Shock wave treatment shows dose-dependent enhancement of bone mass and bone strength after fracture of the femur

Abstract

Shock wave treatment is believed to improve bone healing after fracture. The purpose of this study was to evaluate the effect of shock wave treatment on bone mass and bone strength after fracture of the femur in a rabbit model. A standardized closed fracture of the right femur was created with a three-point bending method in 24 New Zealand white rabbits. Animals were randomly divided into three groups: (1) control (no shock wave treatment), (2) low-energy (shock wave treatment at 0.18 mJ/mm 2 energy flux density with 2000 impulses), and (3) high-energy (shock wave treatment at 0.47 mJ/mm 2 energy flux density with 4000 impulses).
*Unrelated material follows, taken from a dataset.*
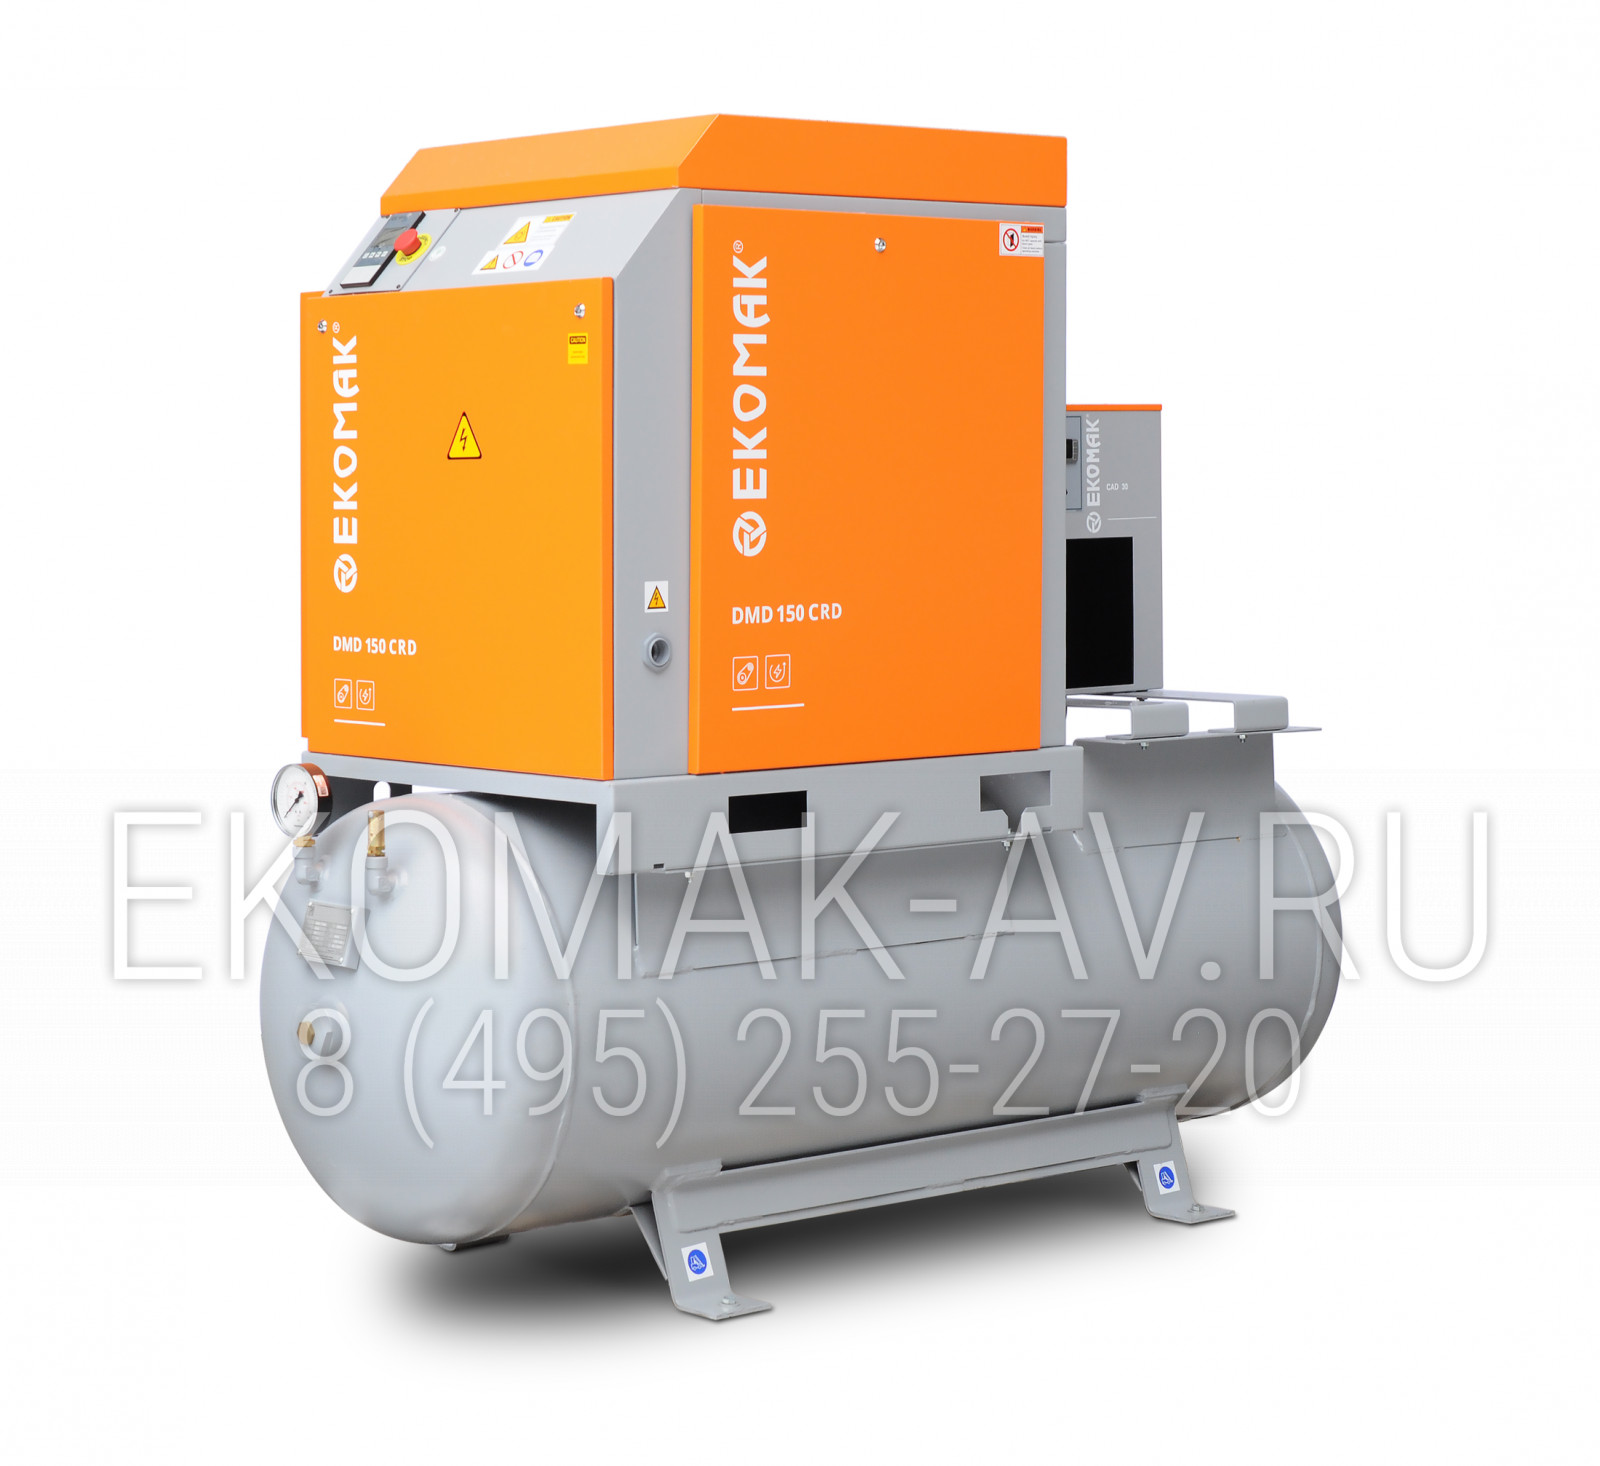 Винтовой компрессор Ekomak DMD 150 CRD 8 LF G+C 500L

Bone mass (bone mineral density (BMD), callus formation, ash and calcium contents) and bone strength (peak load, peak stress and modulus of elasticity) were assessed at 12 and 24 weeks after shock wave treatment. While the BMD values of the high-energy group were significantly higher than the control group ( P = 0.021), the BMD values between the low-energy and control groups were not statistically significant ( P = 0.358). The high-energy group showed significantly more callus formation ( P < 0.001), higher ash content ( P < 0.001) and calcium content ( P = 0.003) than the control and low-energy groups. With regard to bone strength, the high-energy group showed significantly higher peak load ( P = 0.012), peak stress ( P = 0.015) and modulus of elasticity ( P = 0.011) than the low-energy and control groups. Overall, the effect of shock wave treatment on bone mass and bone strength appears to be dose dependent in acute fracture healing in rabbits.